The other topic was about A.I.. What’s interesting is that a lot of times it’s the business that tells the developers to use A.I., because why? Don’t know.

Jokes aside, often the idea is to remain competitive. We did get the advice to steer away from the cost competitive argumentation. Go for the question the organisation really needs solved and then cost goals will be achieved because of that.


The main day.

The main stage started with a panel. Very insightful and I want to give you this quote from Richey Zachery: `With platformengineering we’re building developer success teams`.


From that moment onward I proceeded to my first workshop: improving ci/cd pipelines. I didn’t like that one. It felt more like a sales pitch and for that I’d go to the booths in the central area.

Speaking of which, there were some excellent companies at those booths. It was easy to engage with them and not all of them were there to do their sales. I had some pretty good conversations that gave me good ideas for my plans with the platformteam at Cohesion.

Anyway, me leaving the workshop early lead me to a chance meeting the exellent Ana Bogdan. We started to discus the previous evening’s meeting and we came down on some conclusions I came up with. I hope she liked my explanations and arguments because she immediately invited me to another (smaller sized) table discussion session. So how could I decline? The prior evening session gave me already great insights, so would probably give me another batch, right? 

It would require me to miss out on some other session, but hey that’s why we went to this event with a small delegation. Dilyano would have to take those honeurs.




In the meantime before the table session, it was time for lunch, to which I must give great kudos. Well fabricated selection of vegan and non-vegan bites.


Afterwards another session about CDE (cloud development environment) that I don’t like to integrate in an IDP. Those things make me feel like with an earlier attempt in the early 0s. Boy am I glad I’m no longer forced to work with WSAD or Vscode for that matter. I strongly believe the developer experience should augment the developers’ preferred workflow and not restrict it. A developer’s workflow (when one is more experienced) has oftentimes evolved around a set of tools according to the preferences of said developer.

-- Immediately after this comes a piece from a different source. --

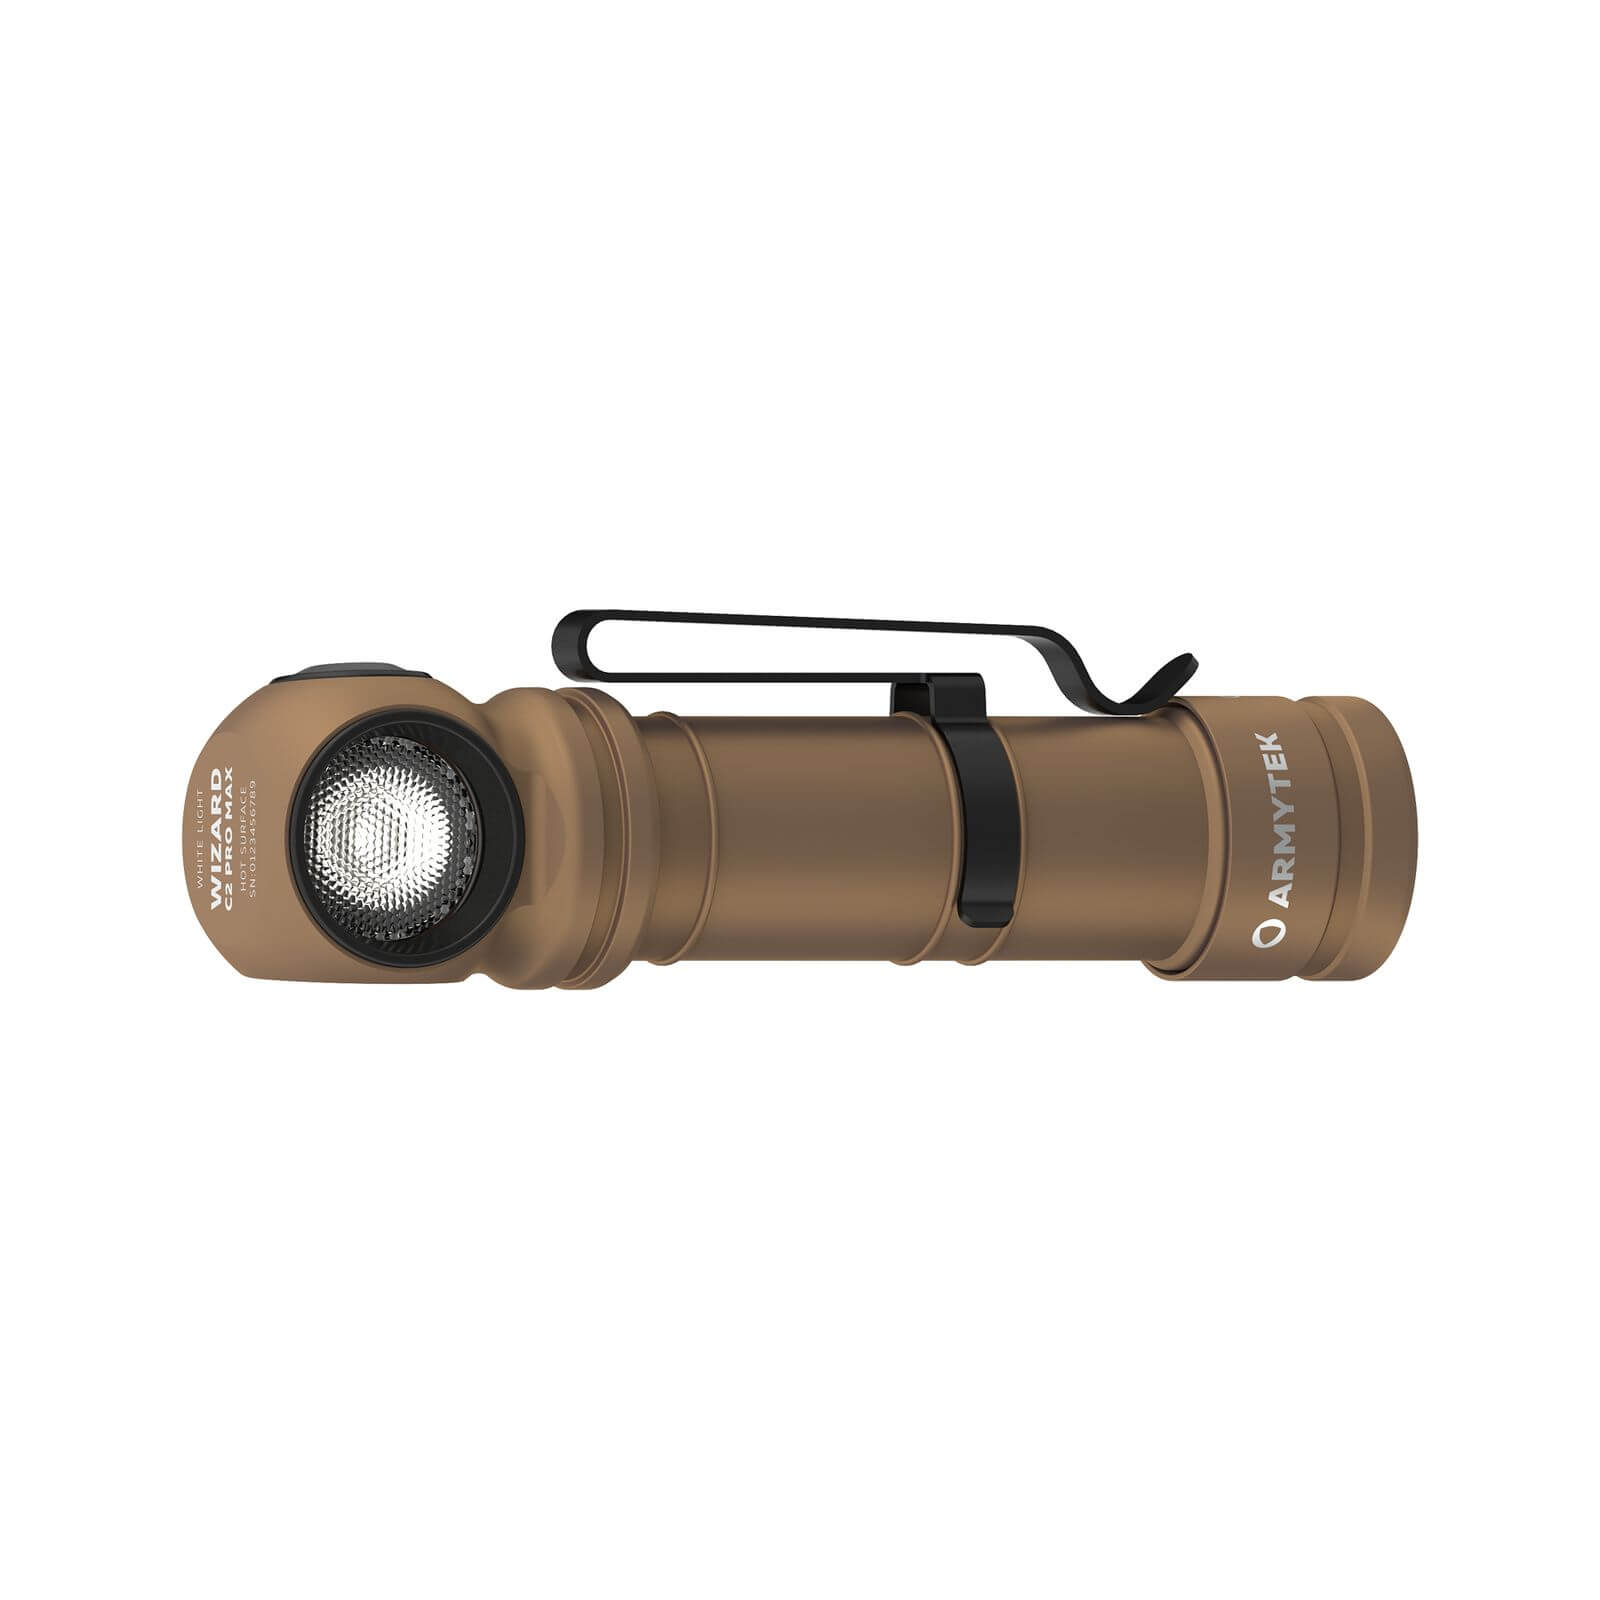 Armytek Wizard C2 Pro Max LED Stirnlampe sand kaltweiss Stirnlampe Taschenlampe
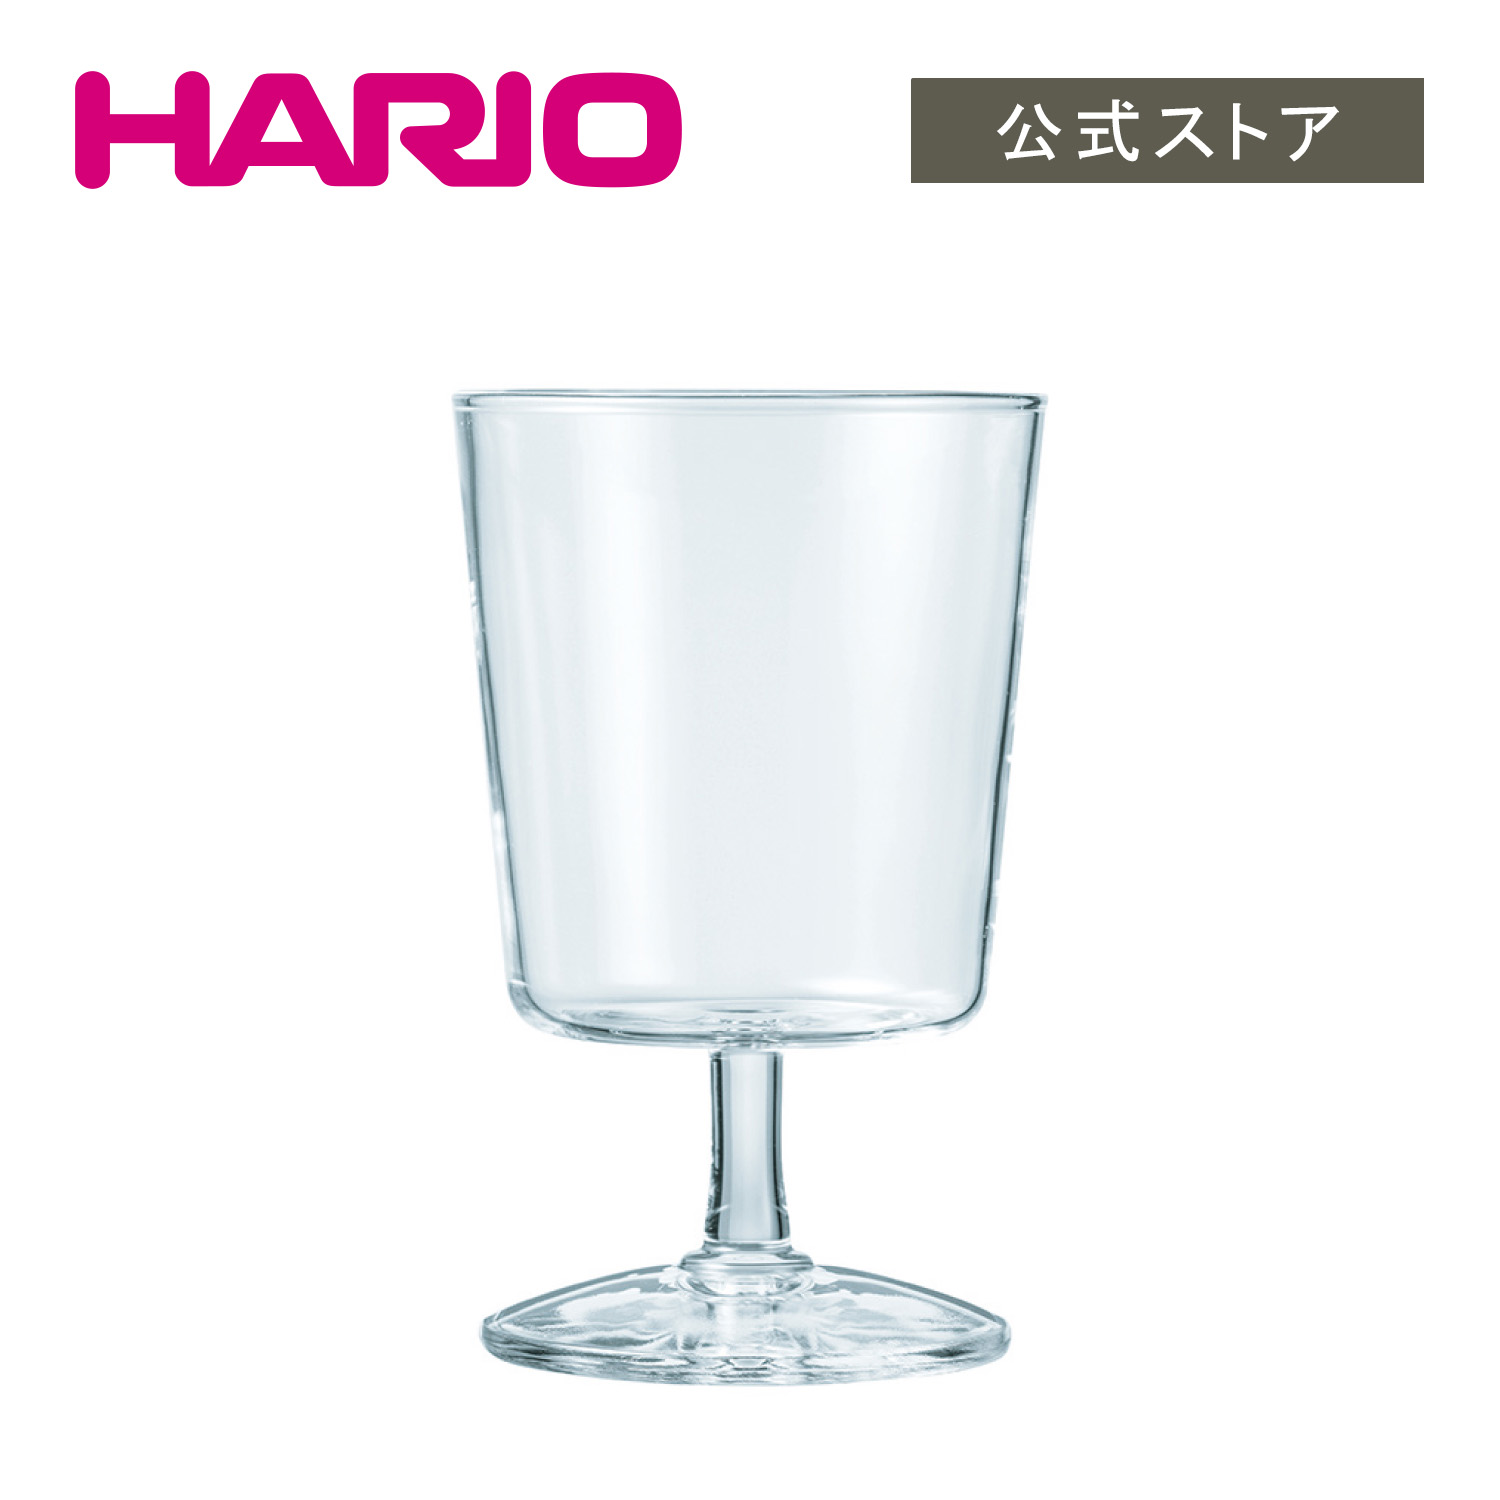 HARIO Glass Goblet　HARIO ハリオ 公式 グラス 耐熱ガラス おしゃれ かわいい ステム

Then the table session started and we discussed topics like difficulties for dataengineering, how to deal with finding the right items/topics to find for an IDP. A nice takeaway is that at some point RFCs no longer work, the scale of the enterprise is just too big and the RFCs deal with matters that is not really the problem that an IDP does need to solve. Does this coincide with when a company grows in the size when an IDP becomes a thing (just a curiosity of mine now)? It is better to do surveys and interviews with your developers to collect the adjustments needed.

And finally the topic on, what kind of persons does one need to search for the development team of an IDP. Something we at Cohesion are trying to find out as well.

I must commend Sam and Ana for creating a healthy environment with such fruitful discussions. And,,, I hope to see more like these in the coming PlatformCons.




Lastly, my encounter with Cornelia Davis from Temporal. She and I spoke on something about measurement on the ci/cd pipelines. What we’re lacking is metrics inside the whole pipeline. Vendors like github and gitlab are great but they don’t give us much insights about the jobs we’re running, and where we could improve on those (this was the stuff I wanted to deal with during the work I prematurely left by another vendor). We should push these vendors to allow for (at least) hooks to examine those metrics.


To end this relay: I loved PlatformCon2025, I hope to see you next year.